Friends and Their Gifts are Gifts from God
"Day 9: Deeper Knowledge Of My Own Wretchedness.
Meditation:
My God, despite all the graces, I long without ceasing to be eternally united with my God; and the better I know Him, the more ardently I desire Him (Diary, 1303).
He gave me a deeper knowledge of my own wretchedness. However, this great misery of mine does not deprive me of trust. On the contrary, the better I have come to know my misery, the stronger has become my trust in God’s mercy (Diary, 1406)."
After reflecting on this meditation, I felt I had failed God and my Catholic Faith because of how I lived my life, and still struggle daily. I wrote these negative statements in my journal. “I am not happy with my life. I want to give up. I do not deserve to live. I am a burden. I feel there is misery in my life, no hope, and don’t trust God”.
If I described my childhood I would say it was playful, fun, simple, lovable, and peaceful. However, when I attended junior high and high school, I started to become insecure about myself and sad all the time – I didn’t like how I looked or felt about myself. This behavior continued through my years in college and in the workforce. I was very angry, jealous, envious, competitive, obsessive, controlling, and was cold to people. When I felt like this, I felt guilty and sorry for myself, meaning I was having a pity party. Each day when I woke up and asked God about my day, it seemed that I always fought with Him, because it was never my way. When I would have an off day, I would email my family and Church friends about hurting myself, which made them concerned about me.

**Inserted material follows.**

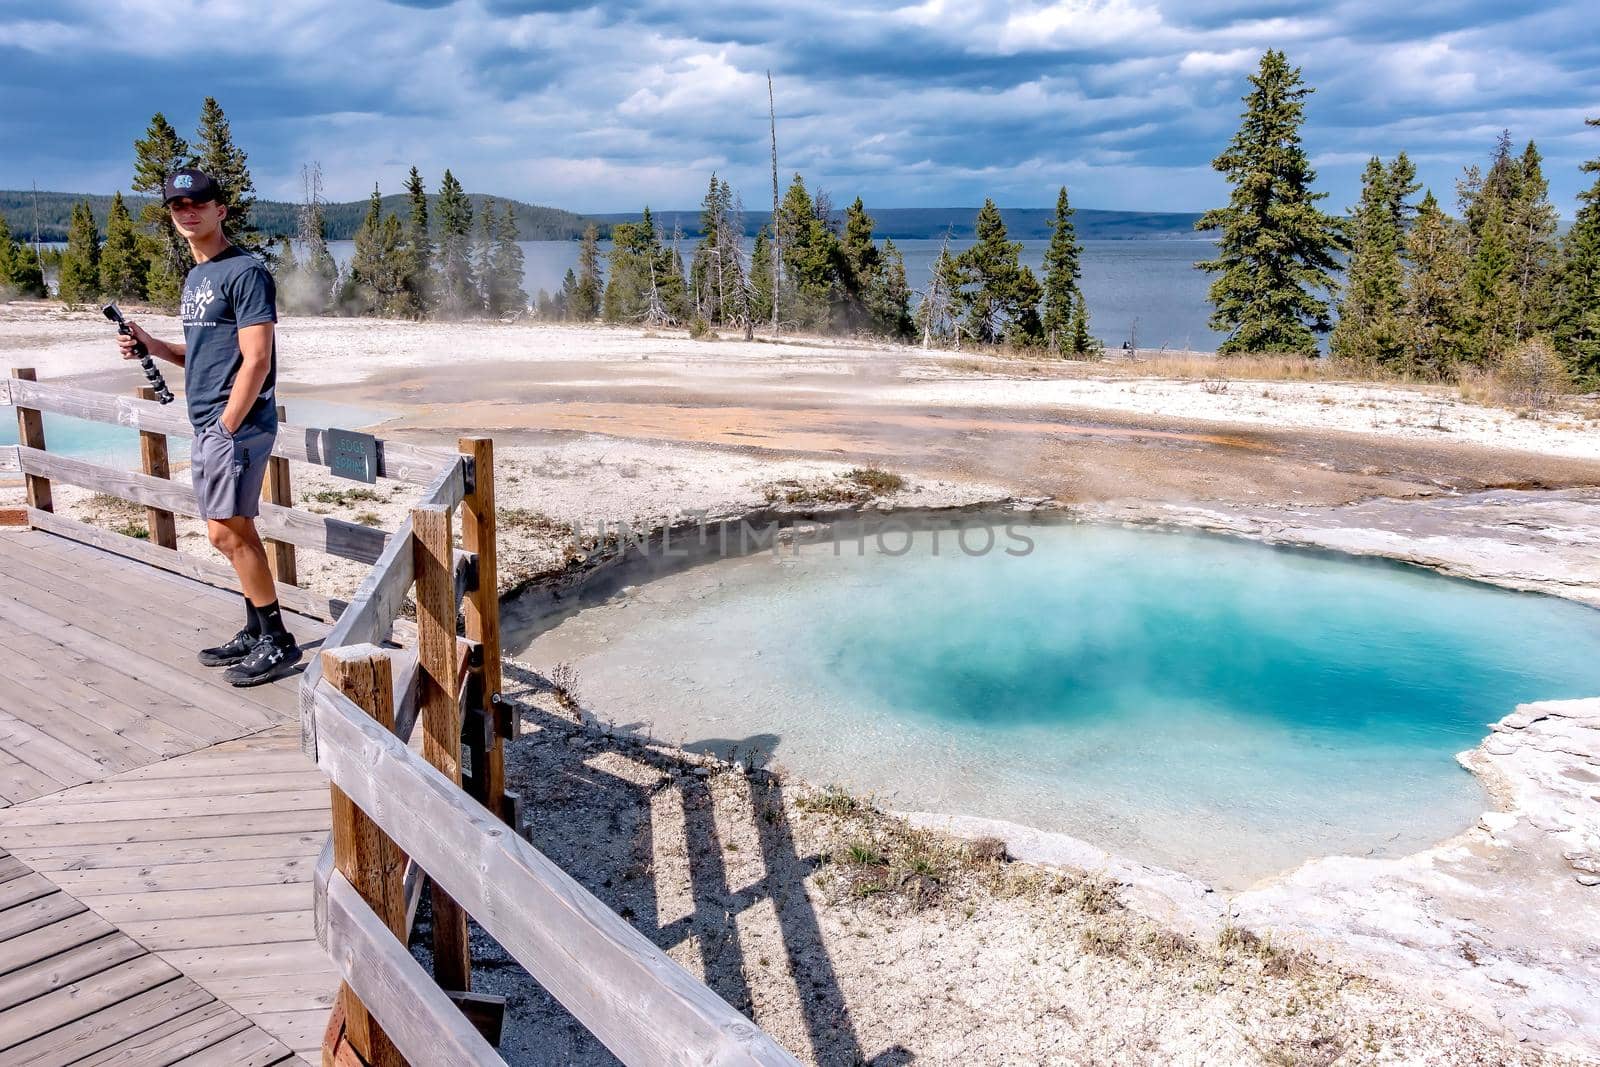 Hot thermal spring Abyss Pool in Yellowstone National Park, West Thumb Geyser Basin area, Wyoming, USA by digidreamgrafix

Back in March, I finally talked with my family doctor about my symptoms and she told me, “You have depression and panic attacks. What I would recommend is talking to a psychiatrist and taking medication. Then, I would like to have follow up with you on your progress”. This wasn’t the answer that I wanted to hear from my doctor, though she means well. I was hoping she would advise me about my diet, exercise, or suggest a change in my environment – but that was not the answer. She said if I didn't follow-through, I would go back to square one again.
The other day I talked with a friend from Church and told her about my situation. She told me to call her so we could talk more. I called her, and the first thing she said was, “God loves you and you are not alone.” She explained that she too had gone through a trial in her life when she was depressed. She shared that she had to take medication and seek counseling, but in the end, she became a better person, and realized all of the blessings in her life.
As I entered my adulthood, I have been dealing with depression and have made excuses, and avoided it by telling myself that I didn’t need help, and I could take care of it myself. However, it’s not true. The devil is hurting me, and I can fight him away and focus on God. Overall, I learn to take care of myself, to take one day at a time, and to be blessed for each new day. This is God’s will and mercy, because He is the one who suffered, and also created the person I am today, because He knew me before I was born.
Ever since I started to write and to share my articles, this has given me a sense of having peace with myself. It is therapeutic and healing, almost like a cleansing and being reborn again in my faith. Hopefully, with sharing my experiences, I can touch people in many ways about their experience and their faith. If not, no problem, as it has been very beneficial for me. Amen.